Regarding your second question of typing Persian using a Latin keyboard, you might checkout this old site I wrote, with the latin 1:1 transliteration scheme listed below. –jonsafari 01:43, 8 October 2006 (UTC)
You can easily access this online editor to type in Persian from almost any computer. If you must use a virtual keyboard, Postchi has such a service. But, it uses Arabic ي and ك instead of Persian ی and ک. Kaveh 03:09, 8 October 2006 (UTC)
"osk.exe" is your friend. It's a visual keyboard thing that comes with Windows, and a link to it is usually installed under Accessories-Accessibility or some such. And for MS Office programs you can also download "MS Visual Keyboard". Both can be used together with any built-in Keyboard driver.

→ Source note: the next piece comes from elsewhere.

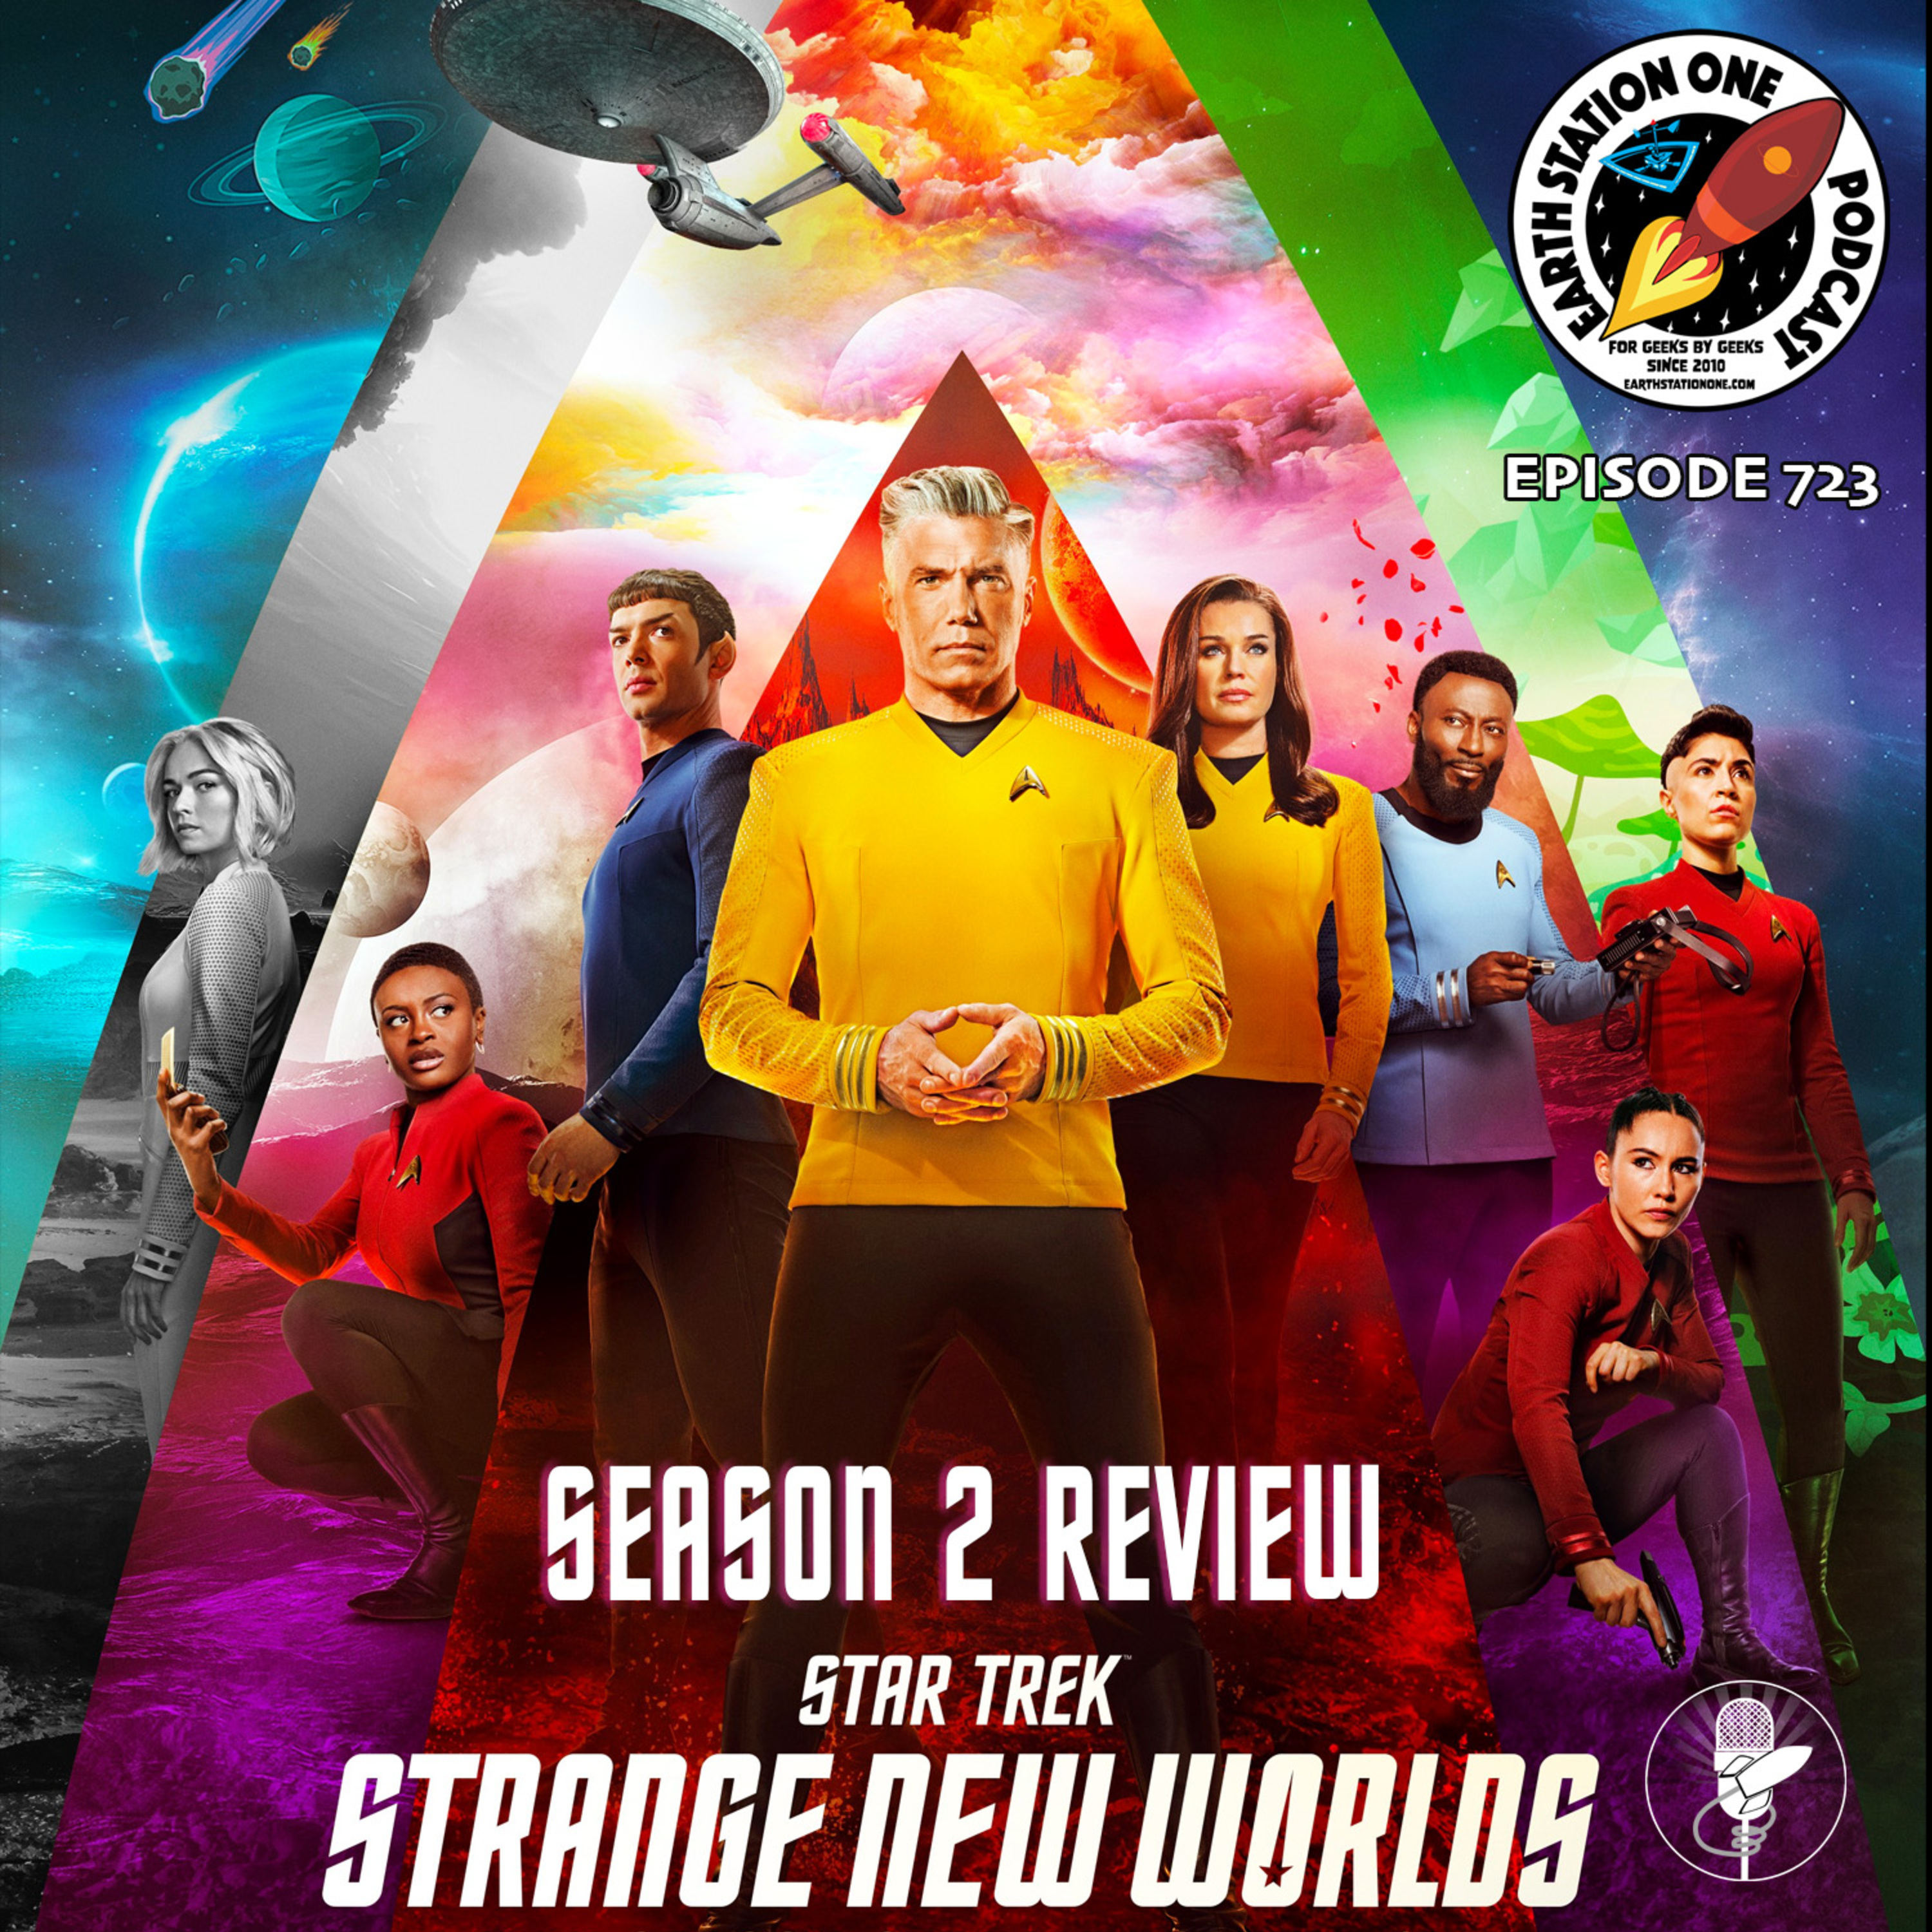 Star Trek: Strange New Worlds Season 2 Review

FellFairy 08:55, 8 October 2006 (UTC)

Hey um well sometimes short and long vowels can make different meanings from one word. —Preceding unsigned comment added by (talk) 07:27, 28 June 2008 (UTC)

About the two A's,in "dashtan",the first one is a long a [a as in article],and the second a is short,[a as in cat] —Preceding unsigned comment added by Shahrzad hbk (talkcontribs) 07:38, 28 June 2008 (UTC)

Persian and Farsi

I really don't know why people make so much fuss about "Persian" versus "Farsi". Anyway, I think I once saw some information about when that "Farsi" name actually entered English. It was recent (like, 20th century), but not as recent as the article implies (after 1979). Must have been in one of those huge dictionaries from Oxford, don't remember exactly. I'll try and dig it out, okay? FellFairy 10:34, 8 October 2006 (UTC)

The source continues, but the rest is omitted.